I am completely opposed to animals being caged in any space. I have seen the repercussions this has on the city spaces from animal poop, animals parked outside restaurants, the culture of dog walkers for people who want to “own” pets but have no responsibility in their needs, the psychological distress of animals in kennels, cars and airplanes as their owners selfishly tote them about as if a Louis Vuitton bag, and the psychological use and abuse of animals. Many people get pets because it is an thoughtless reflex of their needs but never the animals’ needs. It is also a relatively recent social phenomenon which, like slavery, has a similar set of logic behind such actions: they need us to survive, they wouldn’t be able to survive on their own to we have a moral responsibility to take care of them. Again, all in the terms we frame and exercise, never for the animal to be set free.
Animal owners retort with the typical defenses such as: my dog loves being on a leash, riding in the car, canned food, etc. But the real problem is that the comparative life these animals have is non-existent–they exist for generations in people spare rooms, cellars, or the entire house only to be allowed freedom from time to time. Nobody would accept being kept locked up in a house or a flat all day long to be allowed out for exercises and bodily functions twice a day. Why on earth would anyone inflict this on an animal? Furthermore, the idea that animals “want companionship” is a cultural narcissism that really needs to be examined. Animals want to eat and move around freely but our culture of pet fetishism leaves generations of animals with no choice whatsoever.
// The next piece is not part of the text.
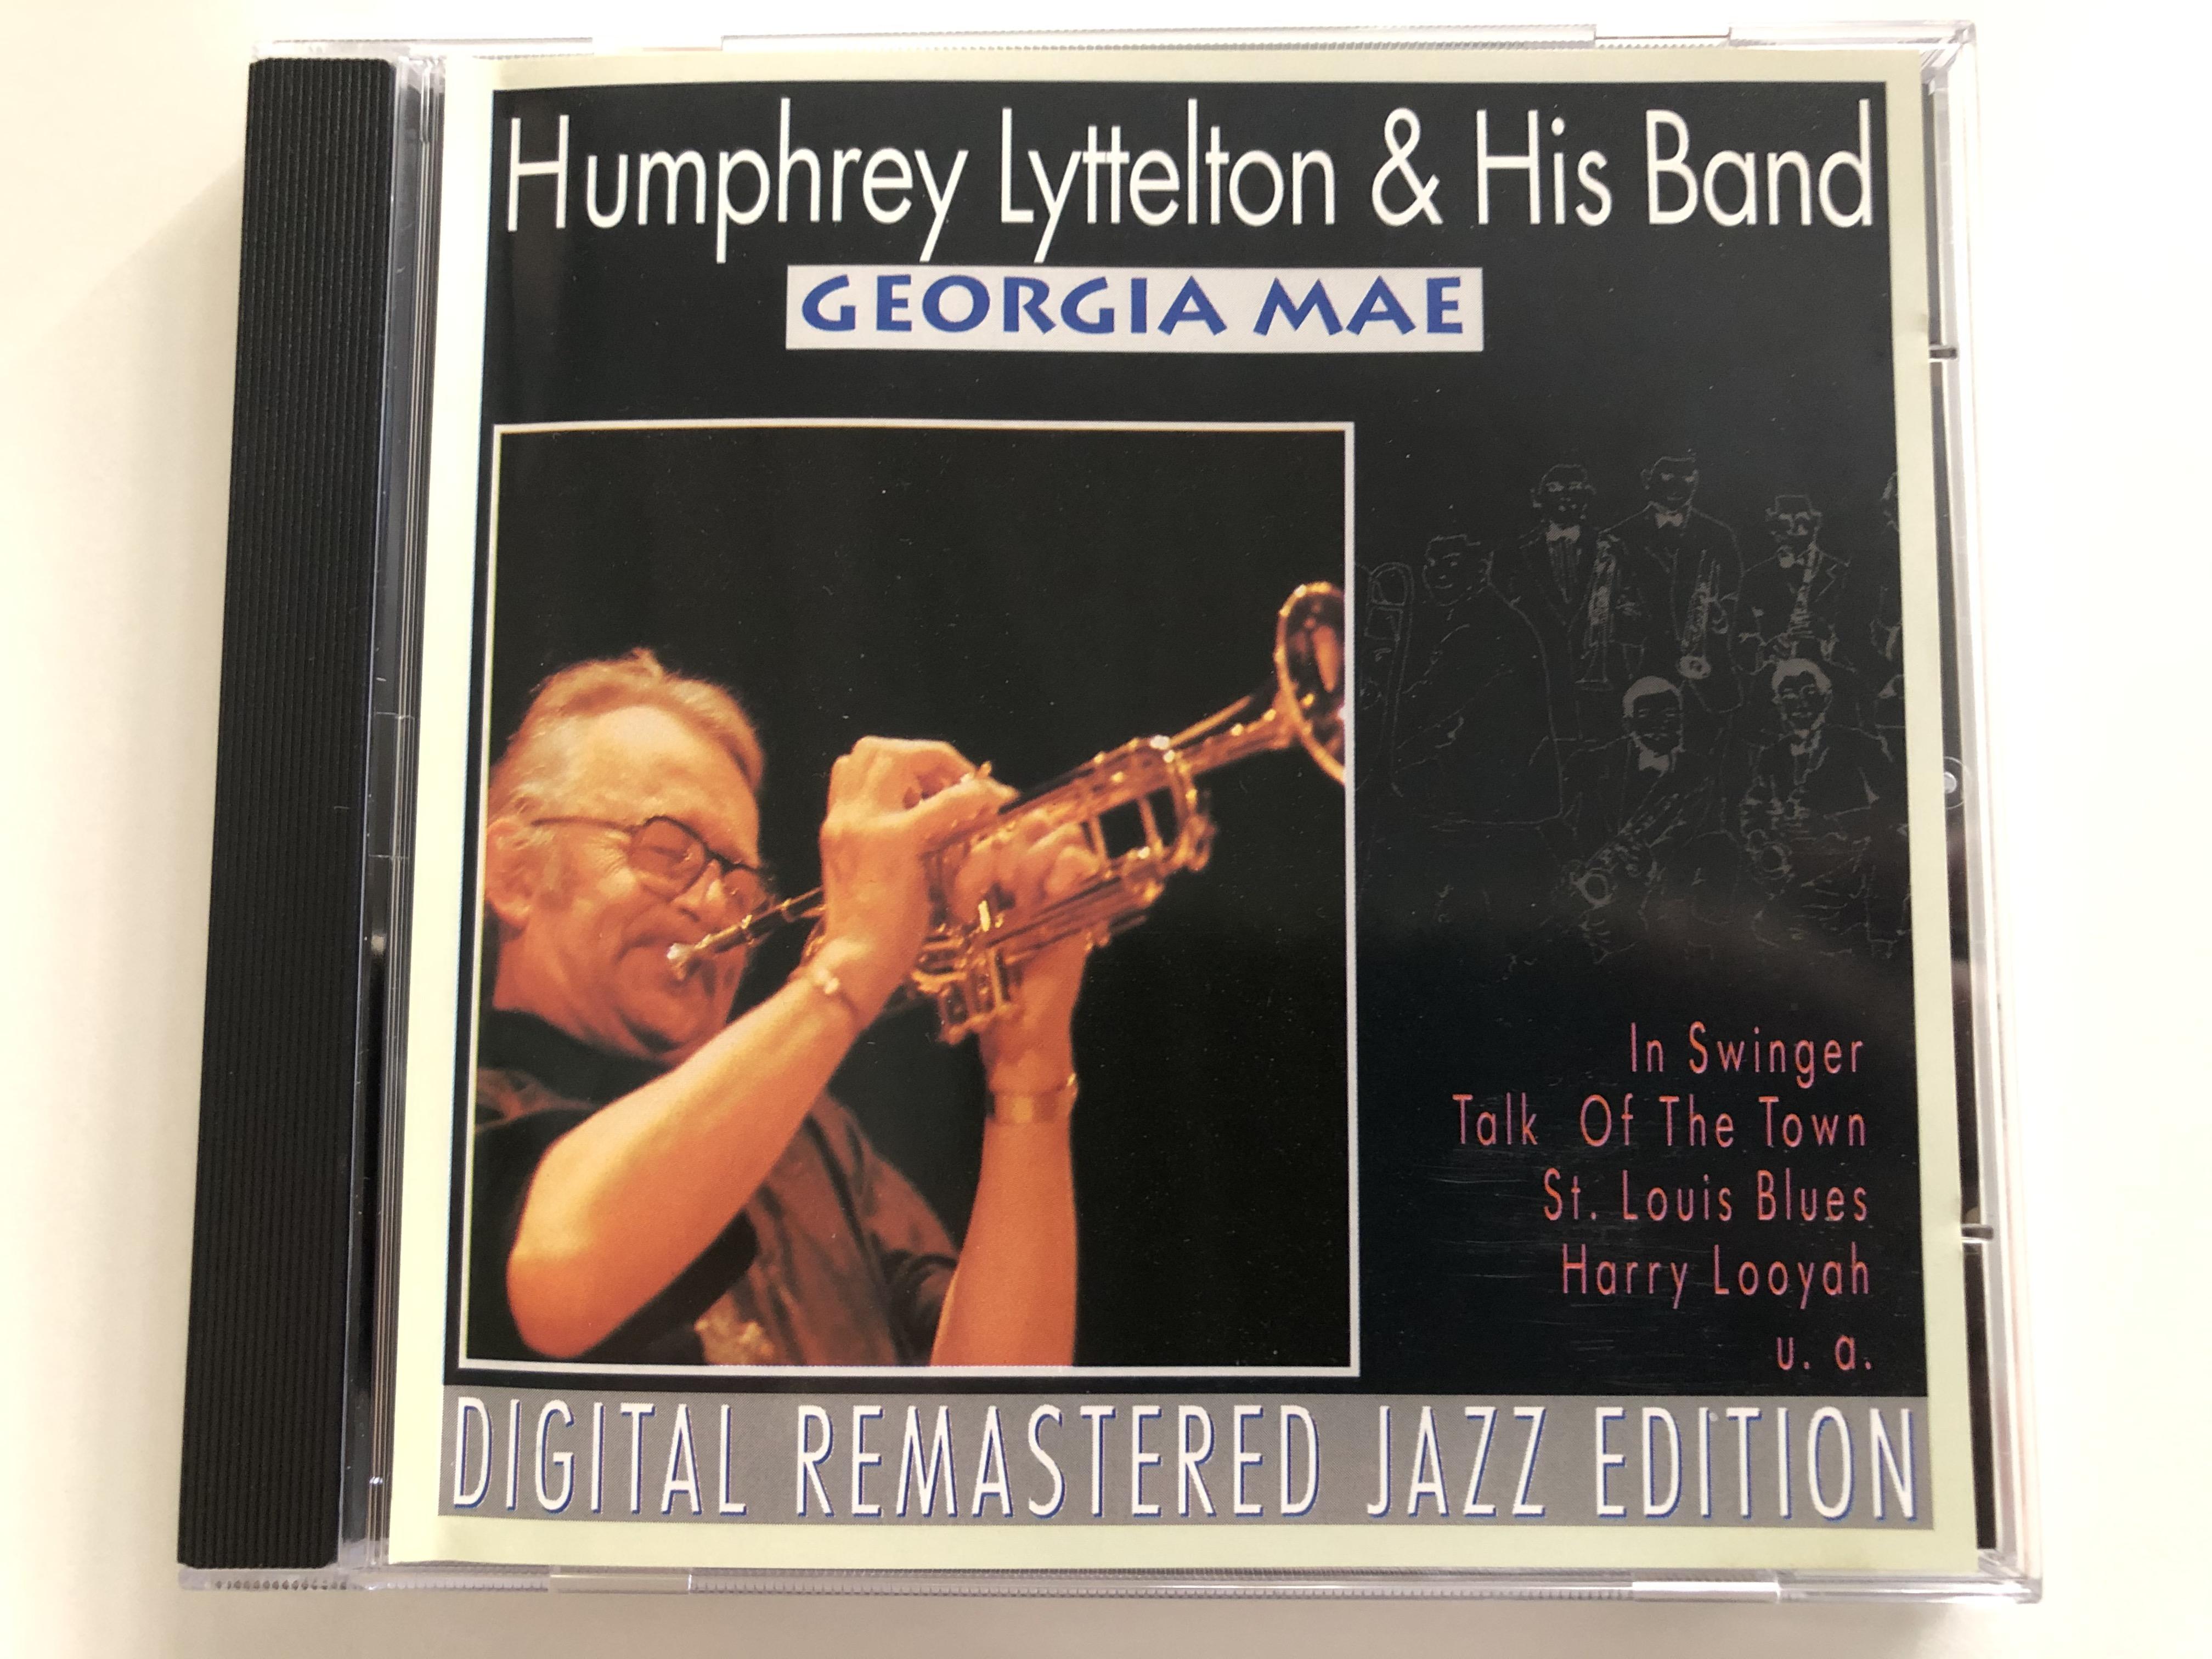 humphrey-lyttelton-his-band-georgia-mae-in-swinger-talk-of-the-town-st.-louis-blues-harry-looyah-u.a.-digital-remastered-jazz-edition-pastels-audio-cd-1995-cd-20-1-.jpg
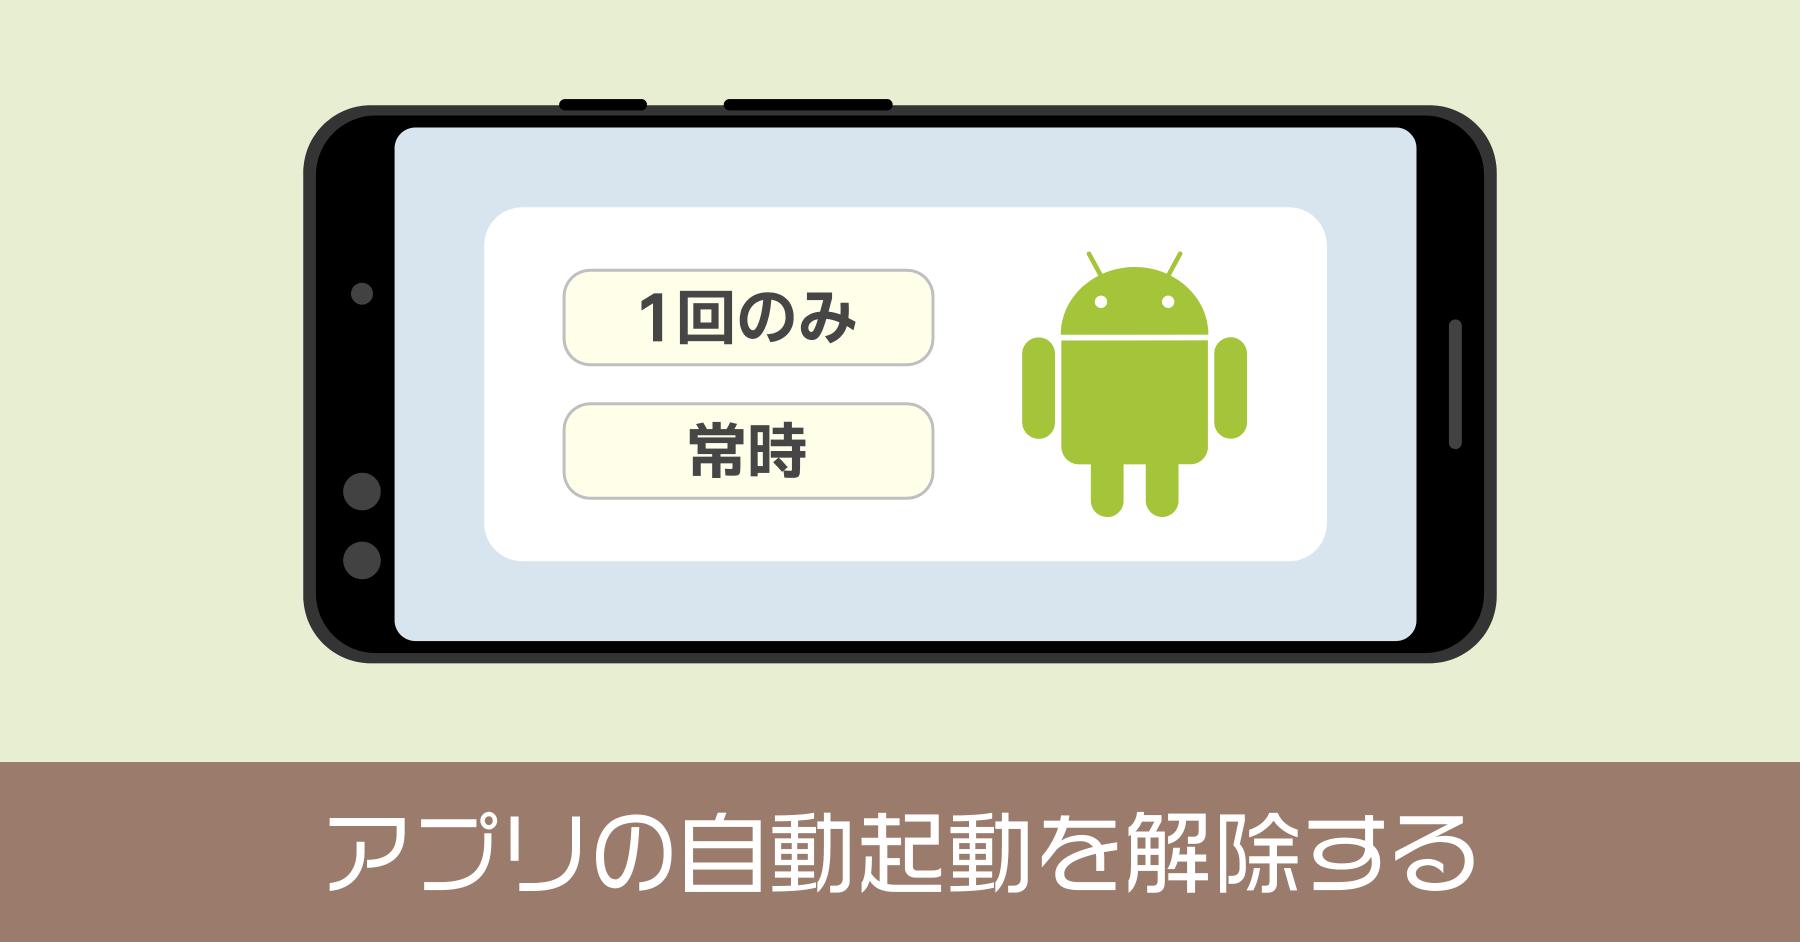 Android アプリを「常に開く」に設定した場合の解除方法

The real ethical dimensions of animal ownership are the actual ethics of owning any life and having control over its bodily functions, physical movements and psychological possibilities making these vital needs dependent upon your mood, your job, your being awake or not, and your being at home. What infuriates me most is when people maintain that their pets keep them from depression. Great paradigm: you lock up an animal so you can feel psychologically better. Get a good therapist and practice letting go. I would even go as far as to say that people that utilise animals as a surrogate to therapy and working out their issues are predatory upon animals. Animals have needs just like any creature–dogs, cats, birds, hamsters also want to move freely, not shit on pieces of paper or in a box, have psychological connections to those whom they choose to include other species or even humans. They also have the right not to and pet ownership precludes all choices for animals to move, think and feel. They are conditioned to loving one person (as if this were really love) in a desperate act of dependency upon their meals and twenty minutes outside a day (if they are lucky).
I am not saying to let animals die out by any means, but we should simply not allow anyone to own animals at all. They should be free in the country to live, no hunting, etc. In the city, well it is a crazy hypocrisy that we want to have a creature which by its very nature is an animal and most anthropomorphise this creature feeding it according to OUR schedules of eating, walking it according to OUR waking schedules, etc. This is completely unfair to creatures which, although different from humans, have every bit as much right to the freedom of movement and being in the wild where they are happiest.